Среди извлеченных останков 48 человек были идентифицированы как поляки, предположительно погибшие в лагерях Старобельск I и Старобельск II. Установление их персональных данных оказалось невозможным ввиду отсутствия каких-либо личных документов.
21 апреля 1994 г. останки в гробах были помещены в индивидуальные могилы в новом секторе и погребены с участием католического священника.
19 ноября 1994 г. Совет охраны памяти борьбы и мученичества заключил договор с предприятием «Будимекс» на строительство польского сектора по проекту инженера Анджея Рушкевича из Варшавы. Торжественное освящение построенного сектора состоялось 25 сентября 1995 г. с участием группы специалистов, ведущей зондажно-эксгумационные работы в Харькове.

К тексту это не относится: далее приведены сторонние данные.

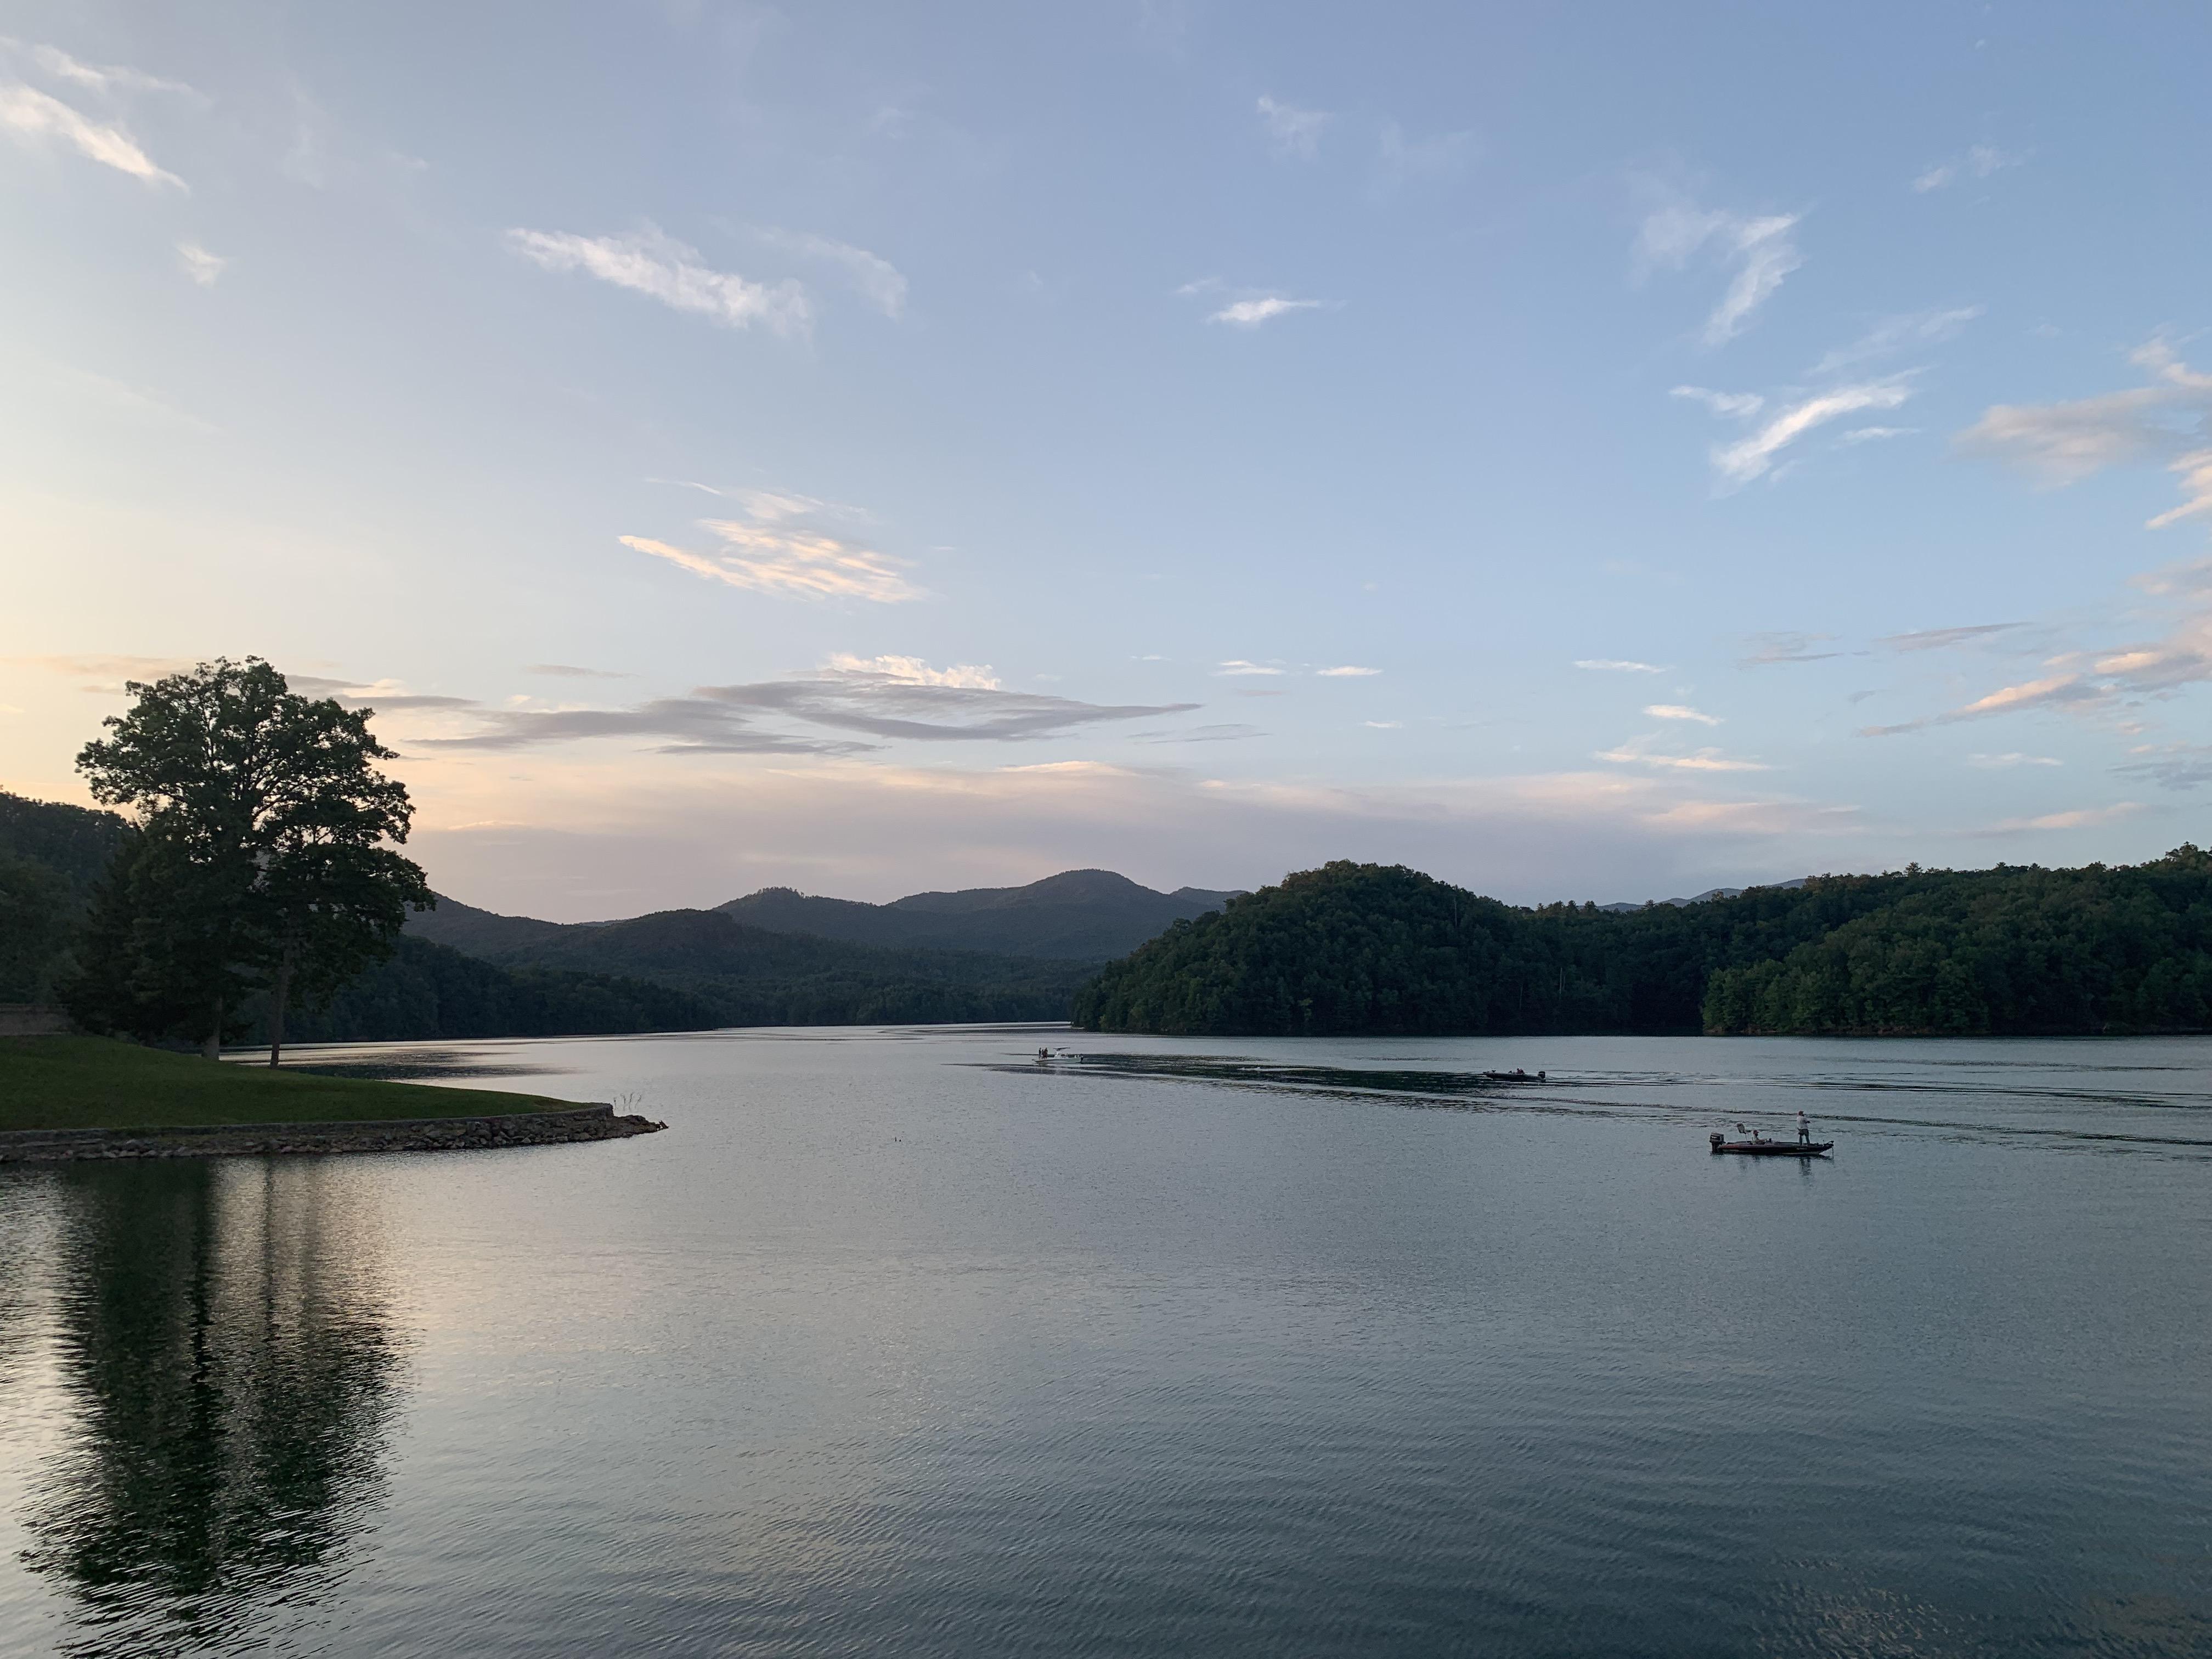 File:Hiwassee lake.jpg
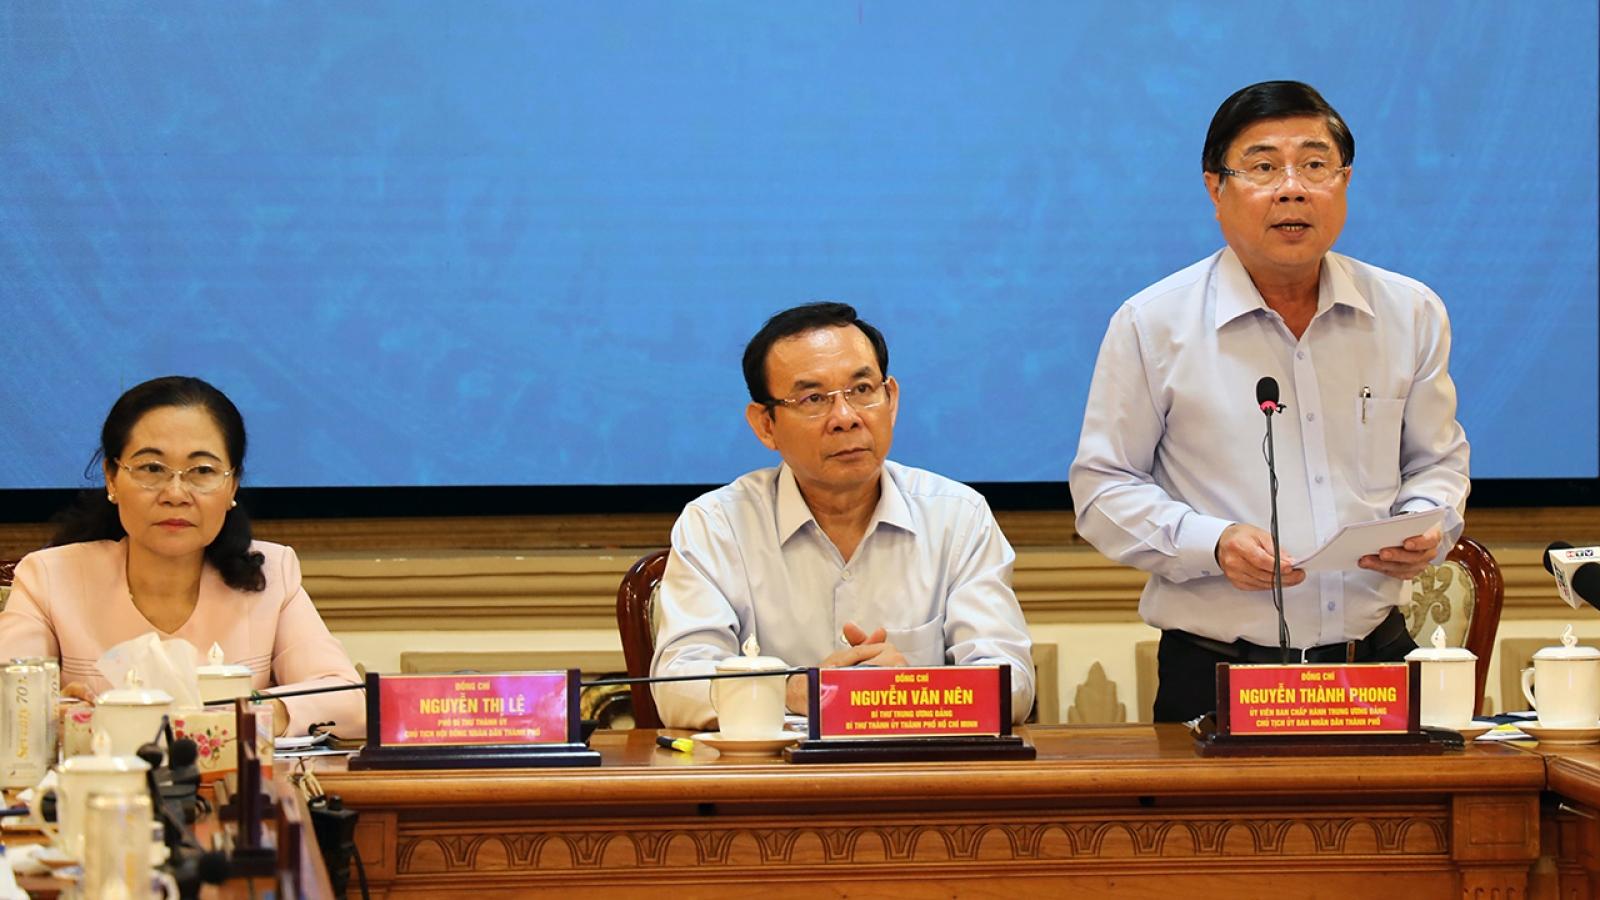 TPHCMkiến nghị Chính phủ sớm ban hành hướng dẫn thực hiện chính quyền đô thị

Основные работы на территории Квартала № 6 VI Лесопарка в Харькове длились 3 исследовательских сезона в 1994–1996 годах: 2 сентября – 27 сентября 1994 г. (16 дней работы на местах), 3 июня – 22 сентября 1995 г.,
27 мая – 14 сентября 1996 г.
После работ в сентябре 1994 г. официальная делегация из Харьковской области подписала 23 декабря 1994 г. в Варшаве документ, выражающий волю продолжать исследования, ведущиеся польскими специалистами.
Организационную часть взял на себя Совет охраны памяти памяти борьбы и мученичества, работы велись по его заказу.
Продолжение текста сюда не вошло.